S=t*(1 - r^n)/(1 - r)
121=t*(1 - 1/3^5)/(1 - 1/3)
t1 = 81
81, 27, 9, 3, 1
sum = 121, yep, sure enough :)
To find the value of the first term, we can use the formula for the sum of the first n terms of a geometric series.
The sum of the first n terms of a geometric series is given by the formula:
Sn = a(1 - r^n) / (1 - r)
where Sn is the sum of the first n terms, a is the first term of the series, r is the common ratio, and n is the number of terms.
We are given that the common ratio, r, is 1/3, and the sum of the first 5 terms, Sn, is 121. We can substitute these values into the formula and solve for the first term, a.
a) To find the value of the first term, we can use the formula for the sum of the first 5 terms:
121 = a(1 - (1/3)^5) / (1 - 1/3)
Simplifying this equation:
121 = a(1 - 1/243) / (2/3)
121 = a * (242/243) * (3/2)
Multiplying both sides by (2/3):
121 * (2/3) = a * (242/243)
242/3 = a * (242/243)
Dividing both sides by (242/243):
a = (242/3) * (243/242)
Simplifying:
a = 243
Therefore, the value of the first term is 243.
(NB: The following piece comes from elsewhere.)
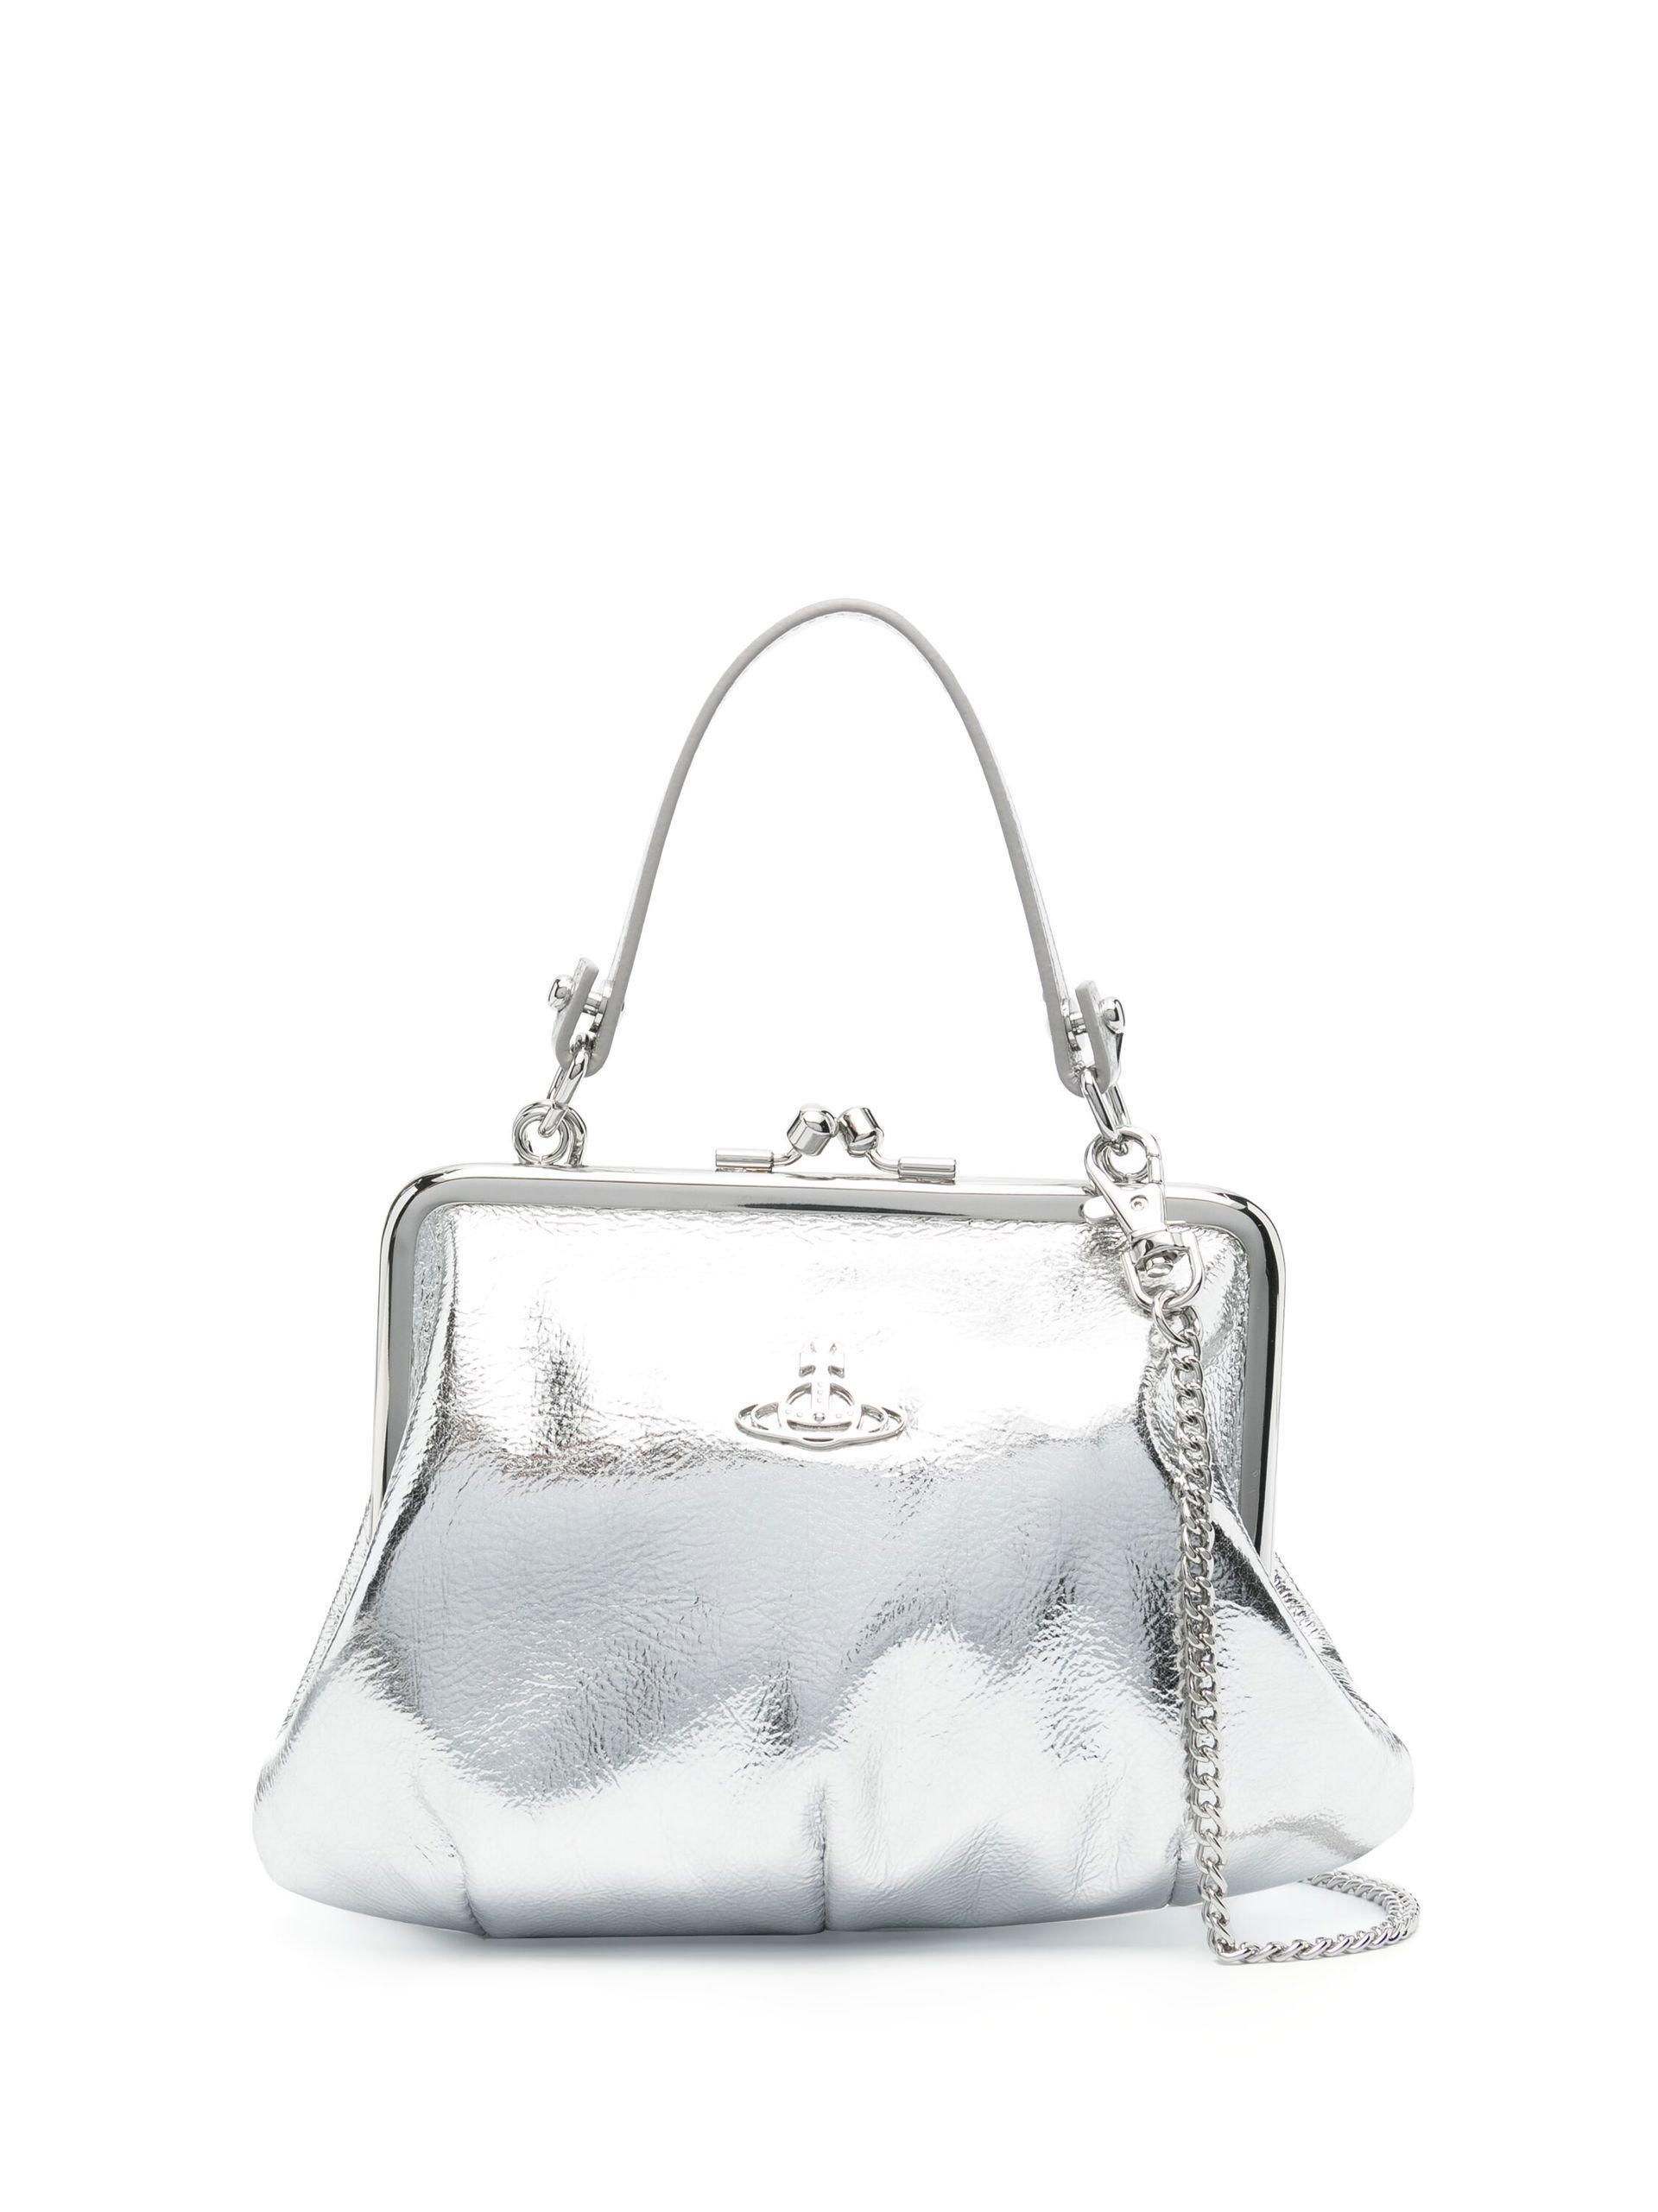 Vivienne Westwood Granny Frame Metallic Mini Bag in White | Lyst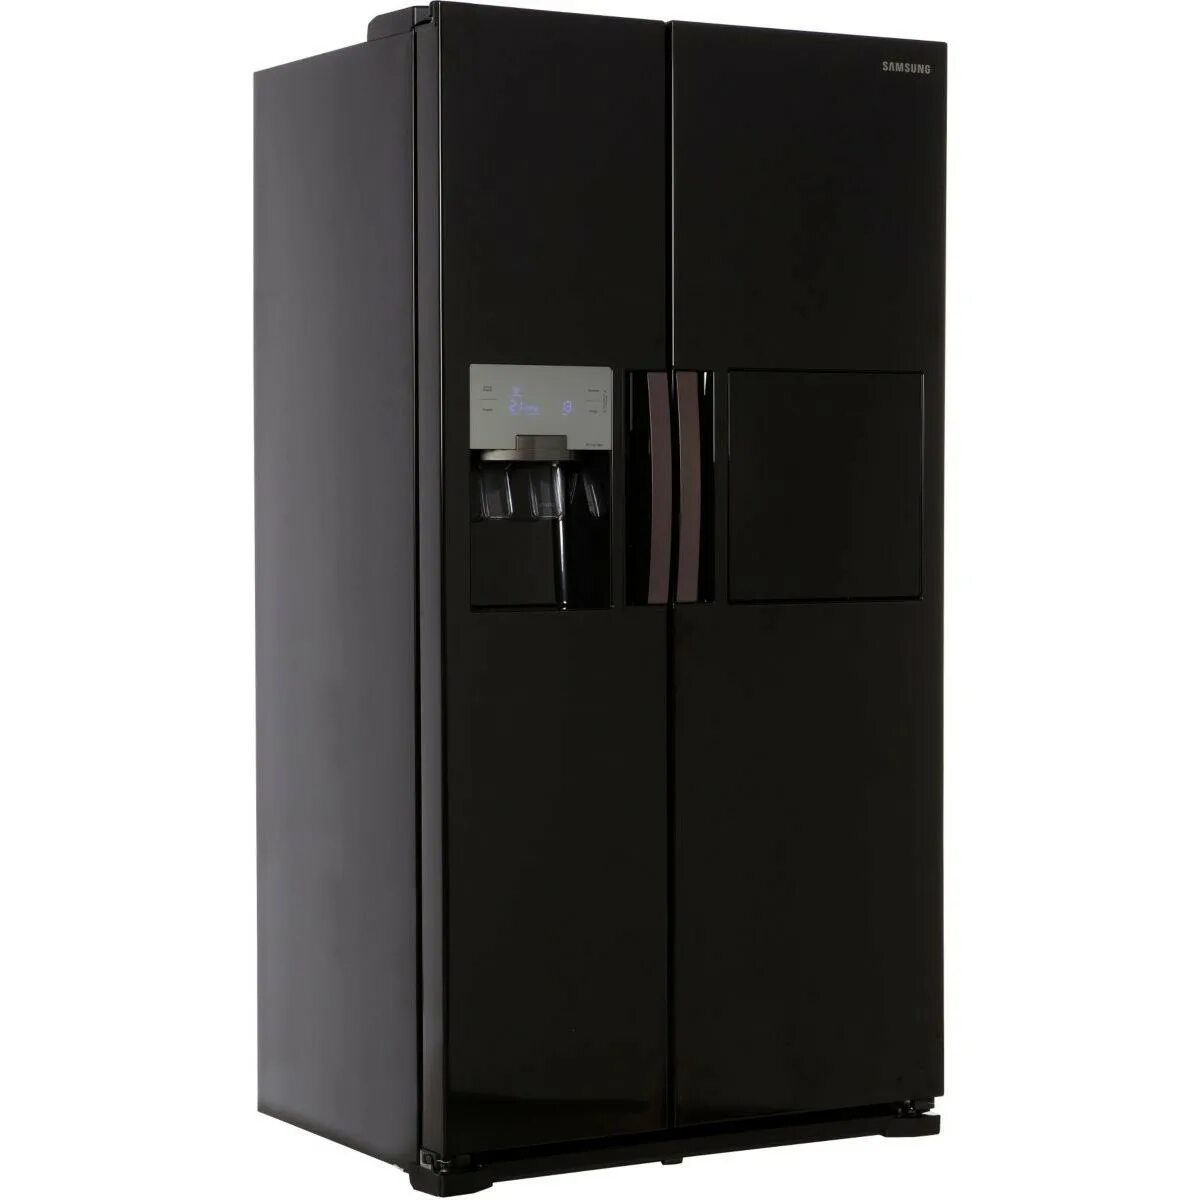 Холодильник Samsung RS-7687 FHCBC. Side by Side Samsung rs20nrps. Холодильник Samsung RS-7778 FHCWW. Холодильник Samsung rs50n3913bc, черный.

b) To write the first 5 terms of the series, we know that the common ratio is 1/3 and the first term is 243.
The first term, a = 243
The common ratio, r = 1/3
The formula to find the nth term of a geometric series is given by:
an = a * r^(n-1)
We can substitute the values into this formula to find the first 5 terms:
a1 = 243 * (1/3)^0 = 243 * 1 = 243
a2 = 243 * (1/3)^1 = 243 * 1/3 = 81
a3 = 243 * (1/3)^2 = 243 * 1/9 = 27
a4 = 243 * (1/3)^3 = 243 * 1/27 = 9
a5 = 243 * (1/3)^4 = 243 * 1/81 = 3
Therefore, the first 5 terms of the series are 243, 81, 27, 9, and 3.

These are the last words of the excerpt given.